Files
zed-p8/grammars/pico-8-lua/KNOWN_LIMITATIONS.md
T
2026-05-15 00:16:13 -07:00

74 lines
3.6 KiB
Markdown

# Known limitations of `tree-sitter-pico8-lua`
This document used to track parse incorrectness around PICO-8's
line-significant shorthand `if (cond) ...` / `while (cond) ...`
constructs. As of v0.3 the external scanner emits a `LINE_END` token
when the parser is at the body-or-terminator decision point of a
shorthand statement and the next byte is `\n` / `\r` / EOF, so the body
of a shorthand is correctly bounded to its source line.
There are no other known parse-incorrectness issues at this time.
Removing this file (or leaving it as a brief stub) is fine once you're
confident no documentation links still point at the old limitation
sections.
## How line-significance is wired up (for reference)

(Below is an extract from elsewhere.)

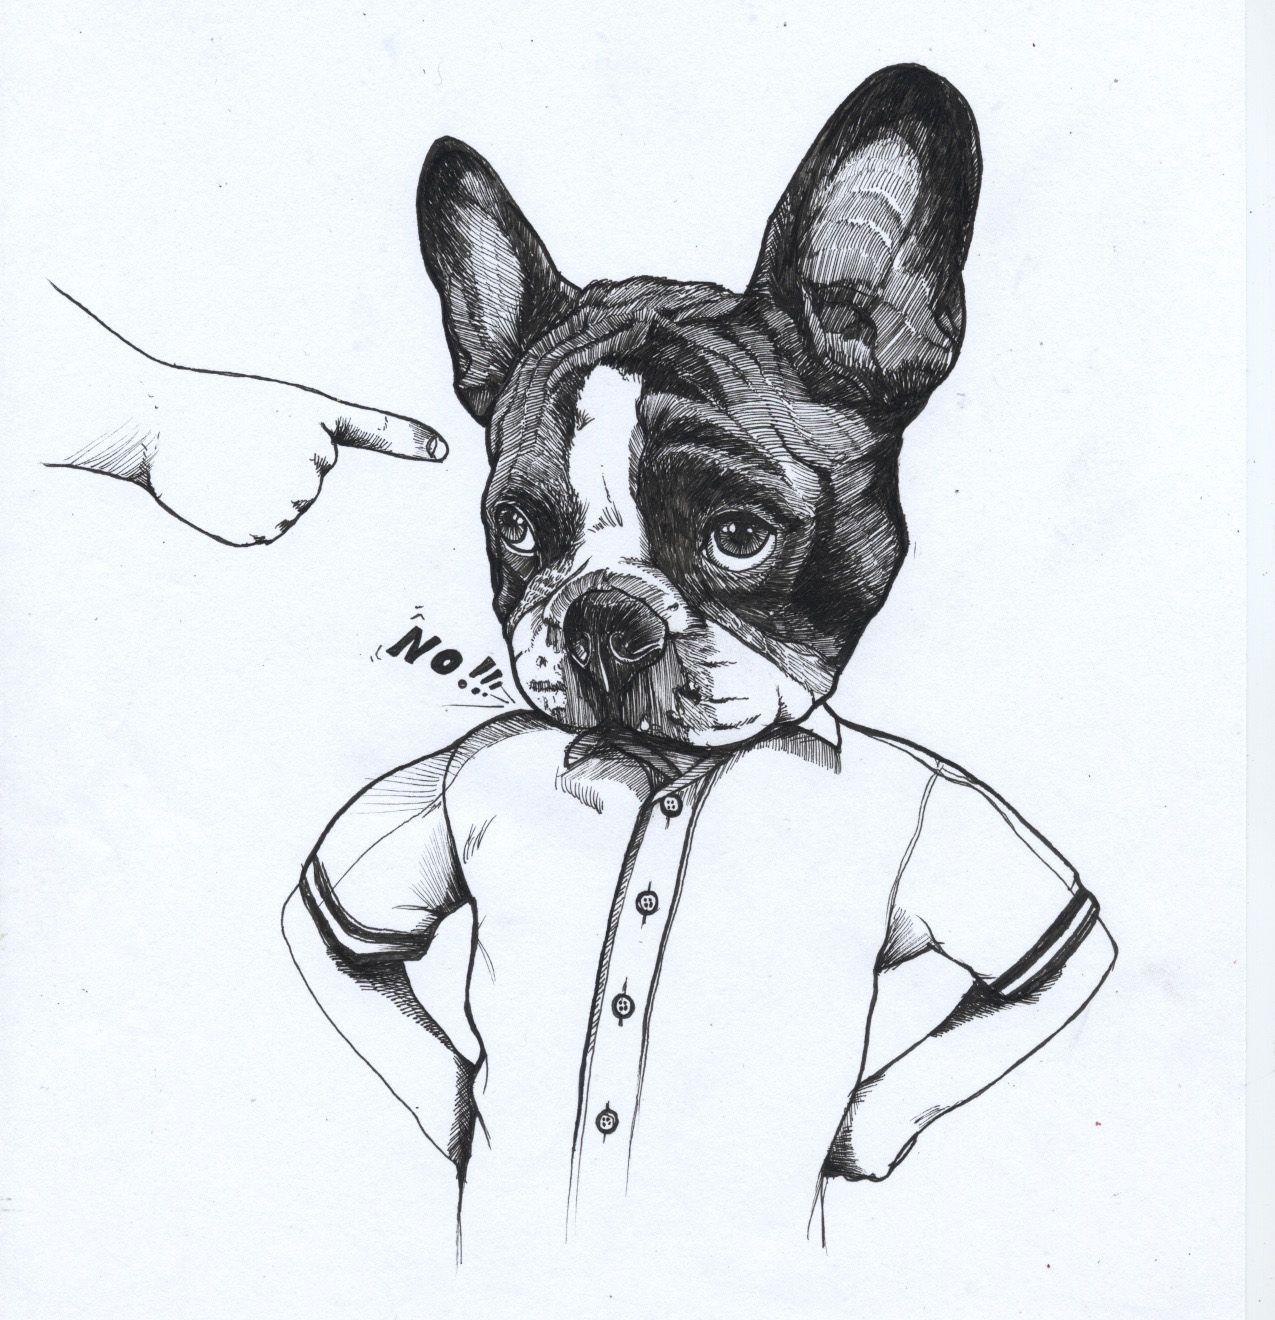 French Bulldog The Dog Painter Jeroen Teunen Teunen Frenchie Dieren Franse Bulldog Bulldog

PICO-8 deviates from standard Lua in two places where a newline is
syntactically significant:
- `if (cond) <stmts...>` — the consequence (and any same-line `else`
alternative) extends to end-of-line, not to a matching `end`.
- `while (cond) <stmts...>` — same line-bounded body as the
shorthand `if`.
Tree-sitter has no built-in concept of newlines as syntactic tokens
when `/\s/` is in `extras` (and we want it there: every other
construct treats whitespace transparently). The canonical fix is an
**external scanner** that gates a synthetic terminator token on
`valid_symbols`. We do exactly that:
- `src/scanner.c` exposes a `LINE_END` external symbol. The scanner
looks at the raw lookahead before the lexer has a chance to skip
extras, and emits `LINE_END` only when the parser actually expects
one (i.e., `valid_symbols[LINE_END] == true`). At any other
position, the scanner's LINE_END branch returns false, and the `\n`
falls through to be eaten silently by the `/\s/` extras pattern.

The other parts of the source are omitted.